** Task objective **
Give back every line of the material exactly. Skip the pictures.

** Information provided **
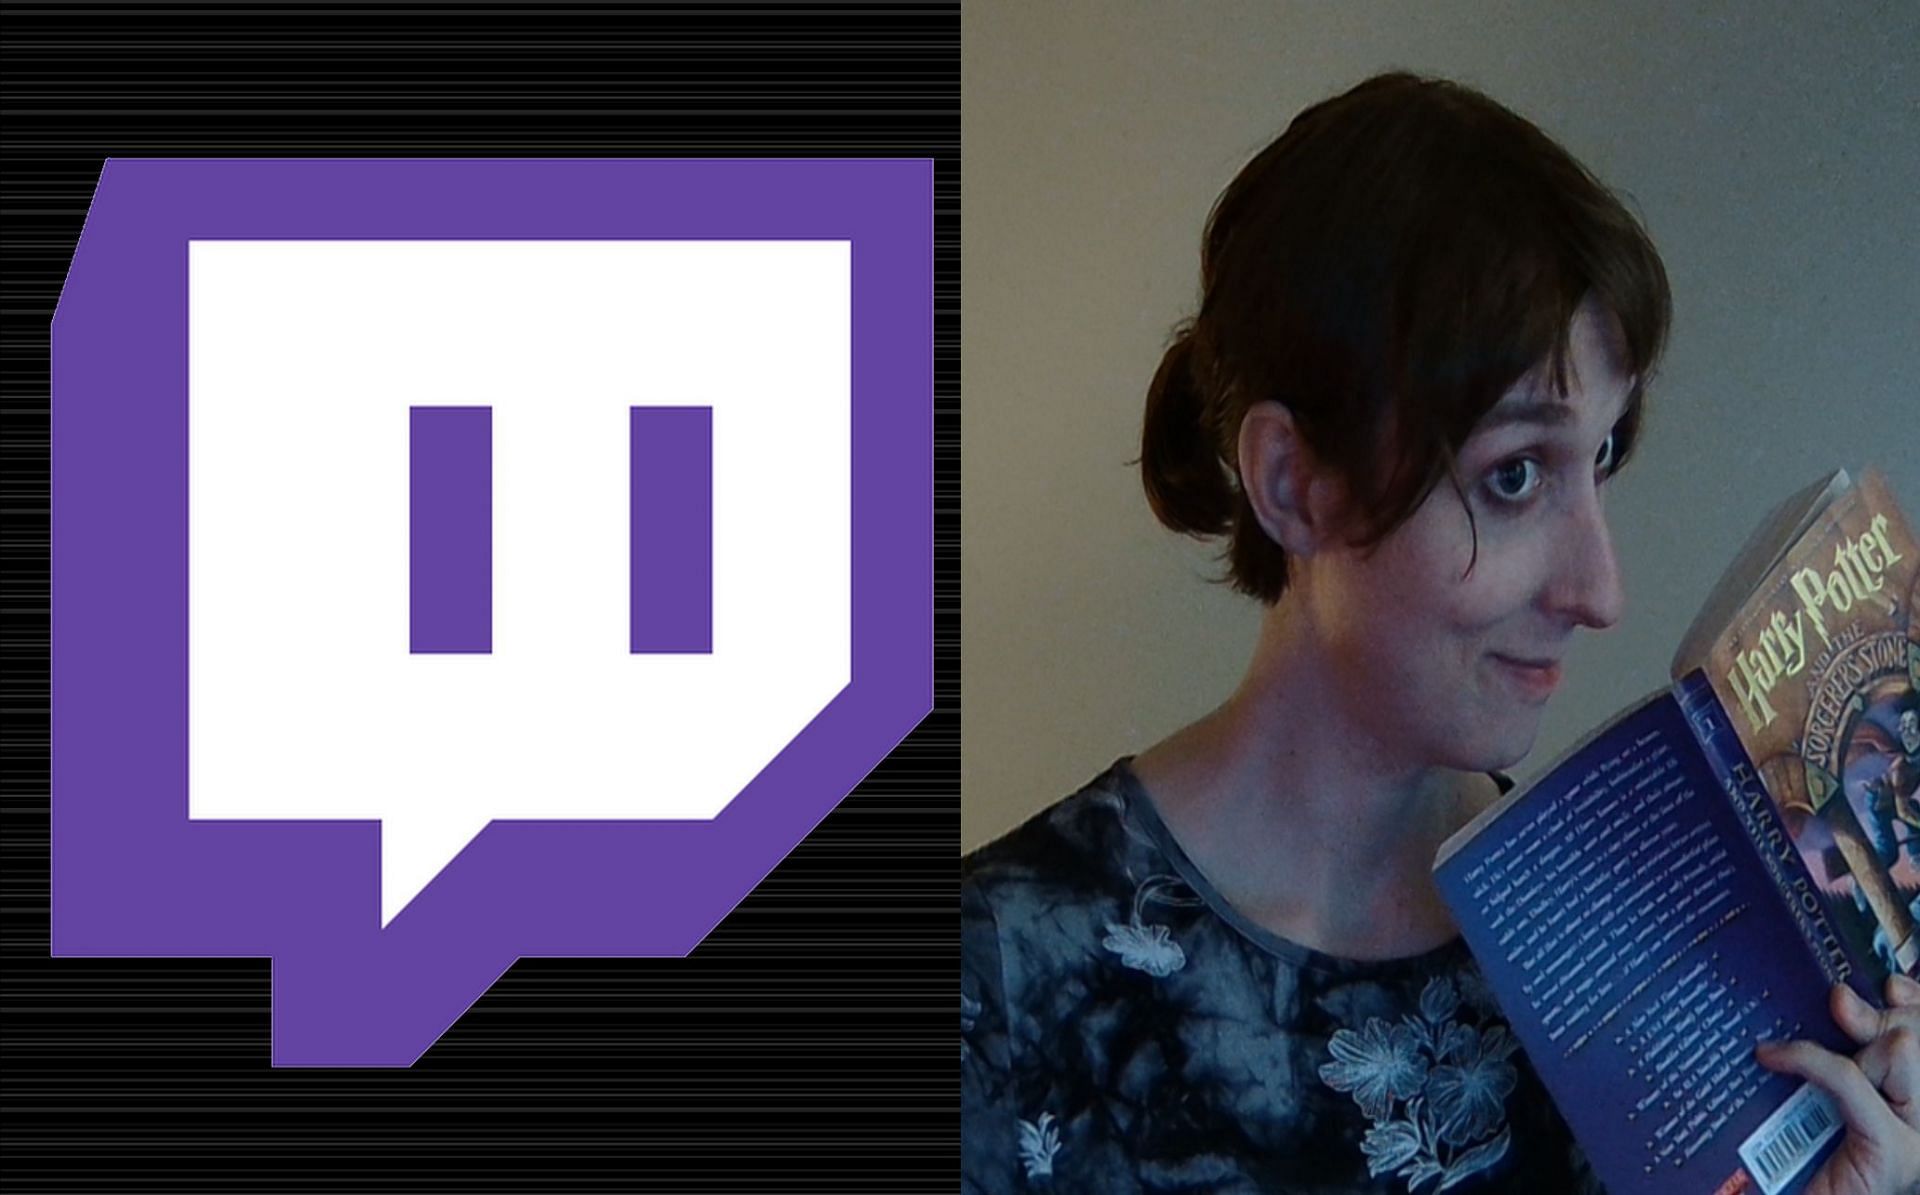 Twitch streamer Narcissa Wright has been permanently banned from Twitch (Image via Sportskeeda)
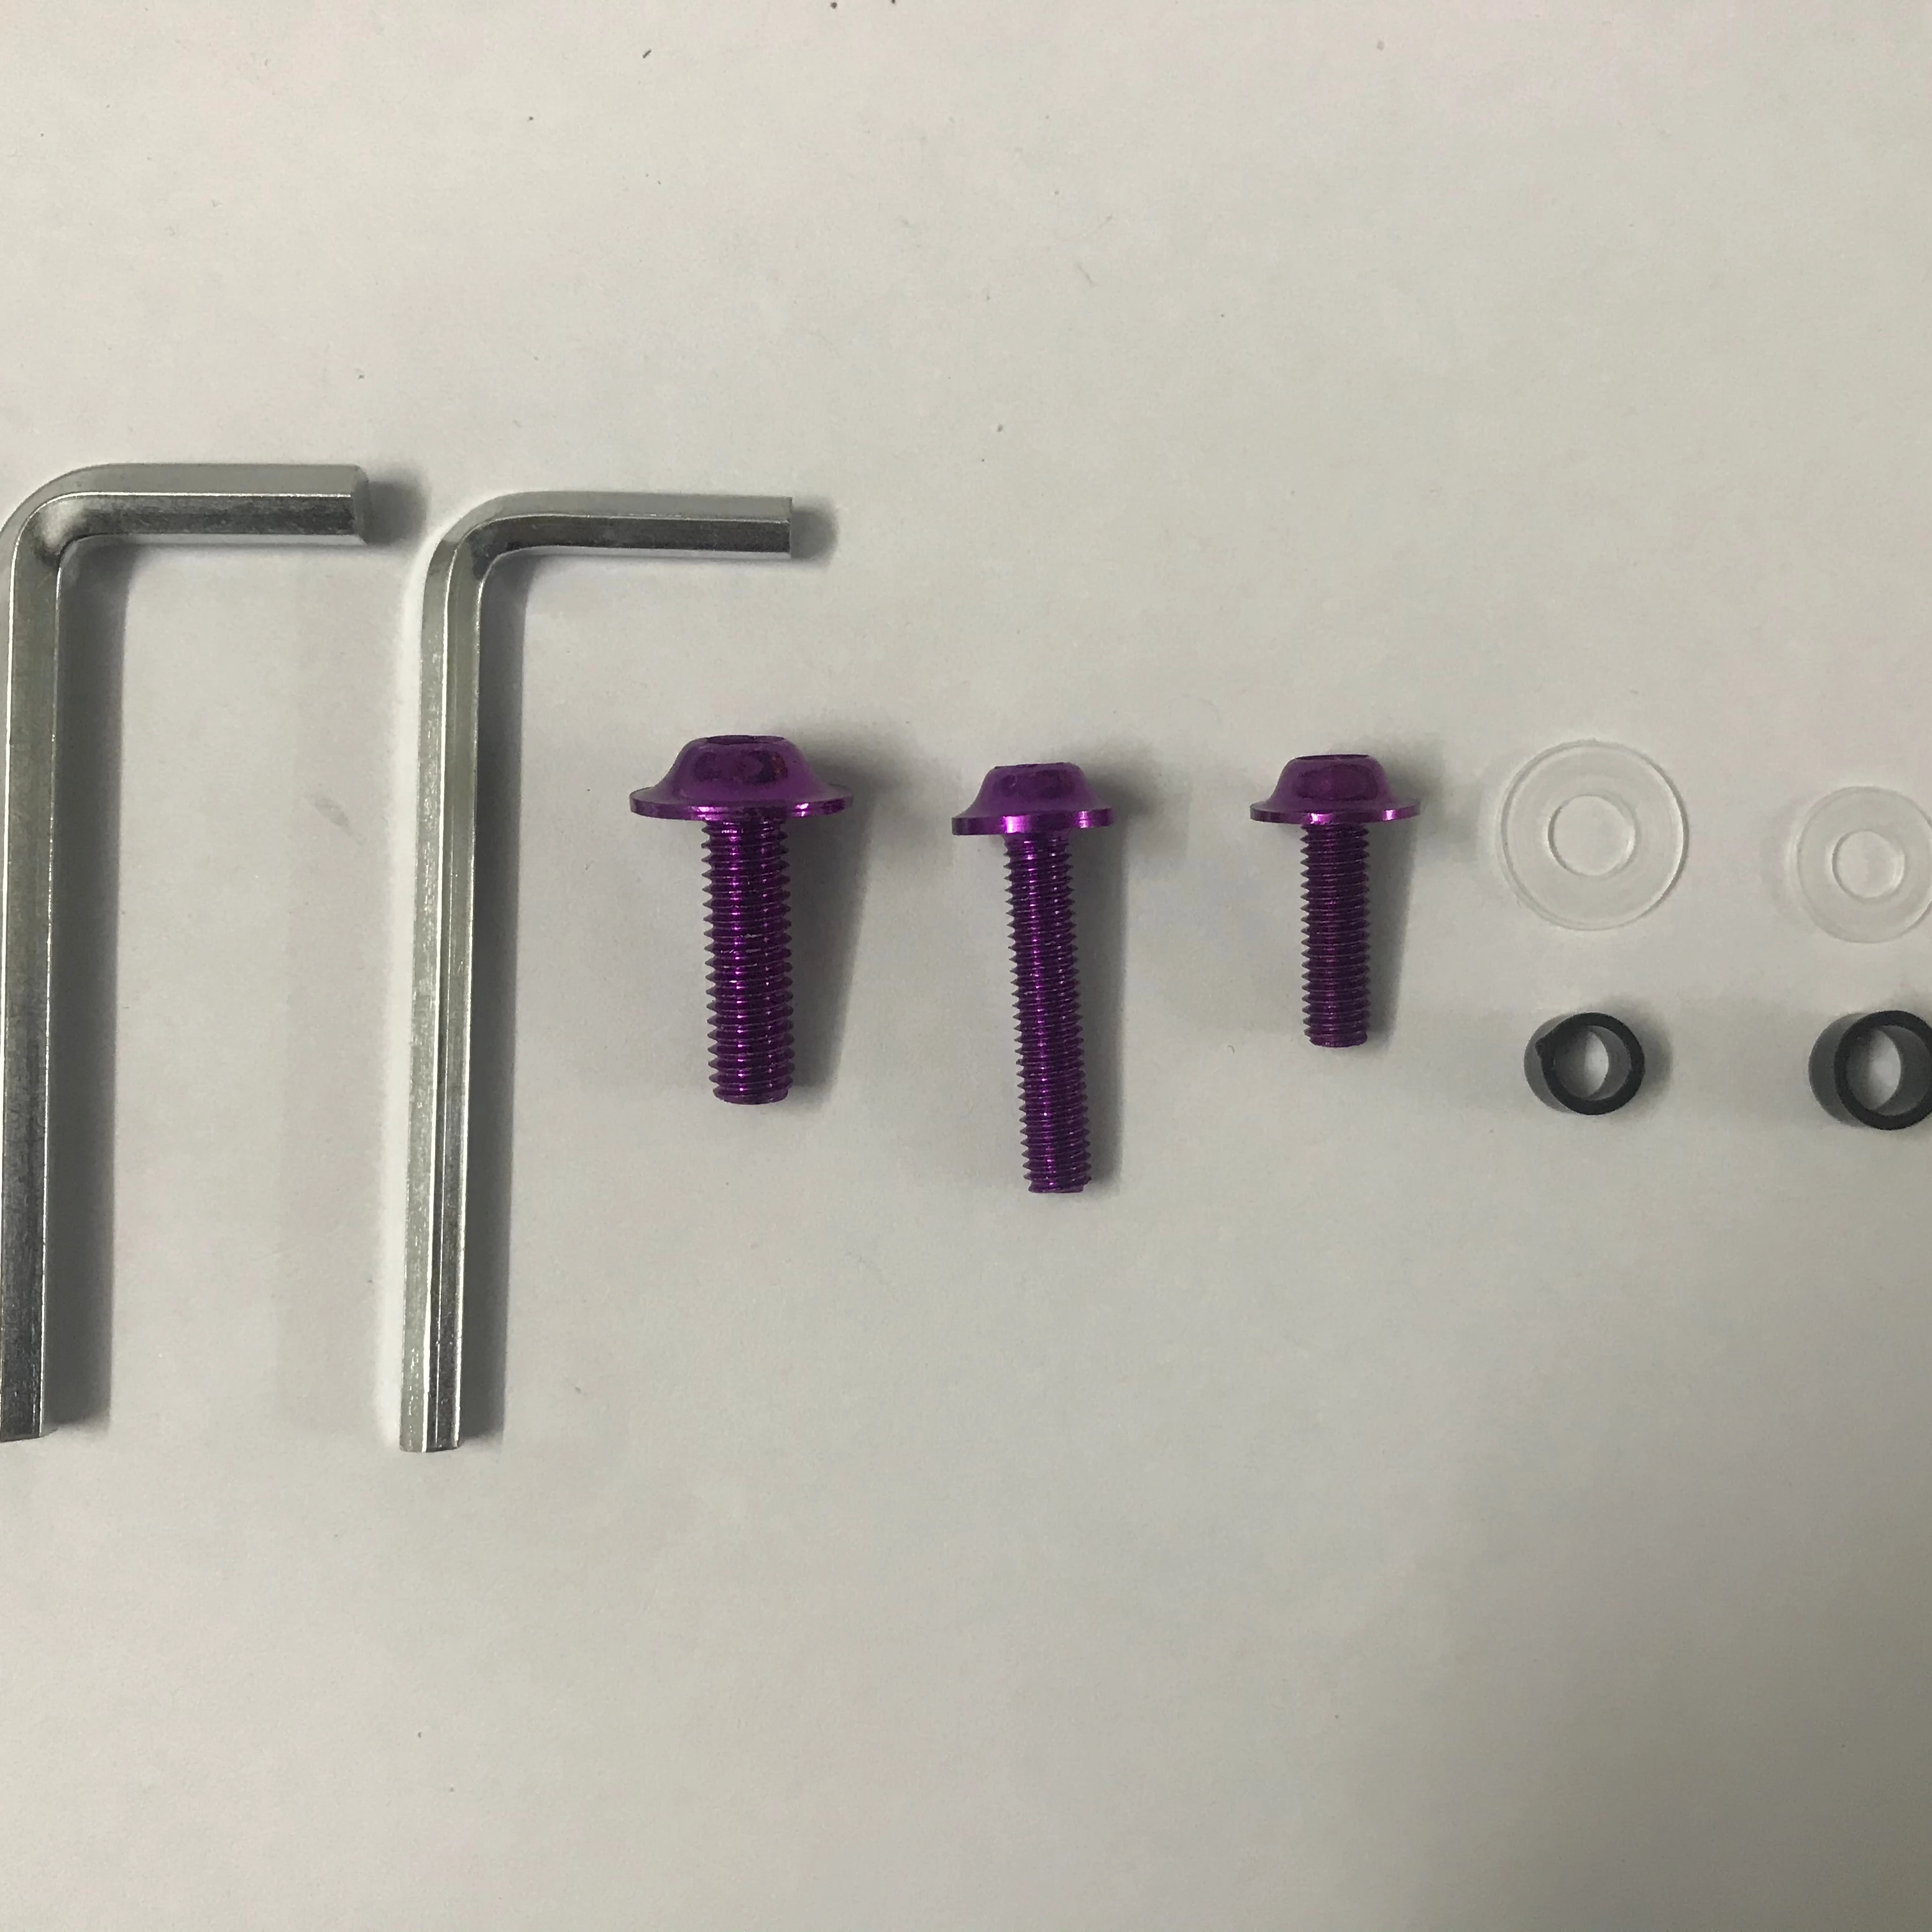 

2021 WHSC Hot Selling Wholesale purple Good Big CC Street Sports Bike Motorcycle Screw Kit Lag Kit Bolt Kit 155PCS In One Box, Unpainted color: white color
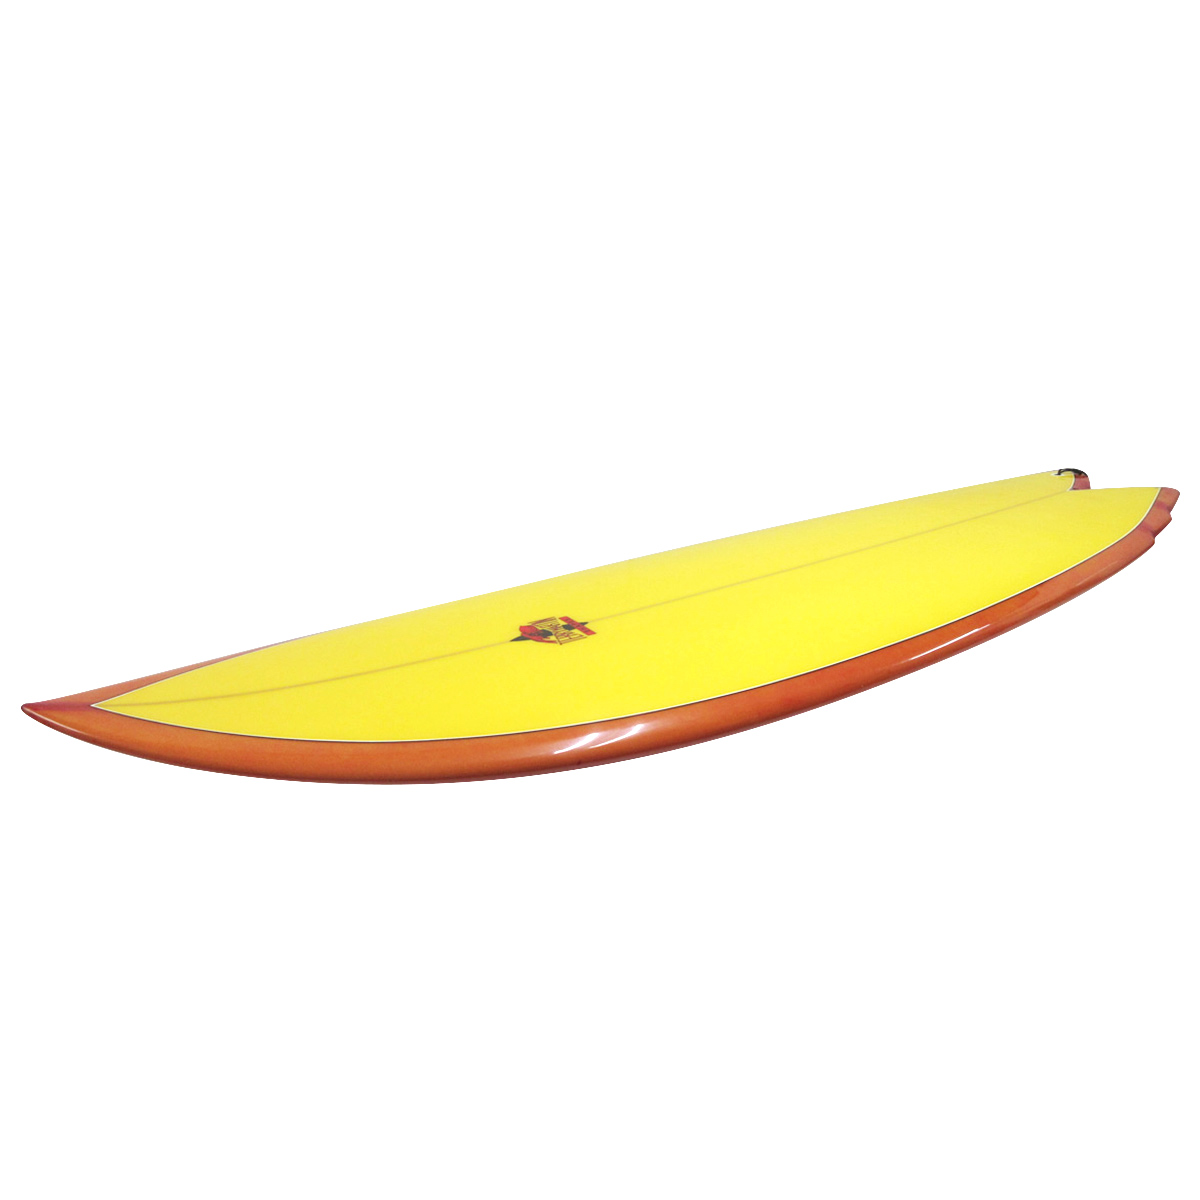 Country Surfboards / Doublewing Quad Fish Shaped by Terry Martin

** Solution to the exercise **
 Twitch streamer Narcissa Wright has been permanently banned from Twitch (Image via Sportskeeda)

2021 WHSC Hot Selling Wholesale purple Good Big CC Street Sports Bike Motorcycle Screw Kit Lag Kit Bolt Kit 155PCS In One Box, Unpainted color: white color
 Country Surfboards / Doublewing Quad Fish Shaped by Terry Martin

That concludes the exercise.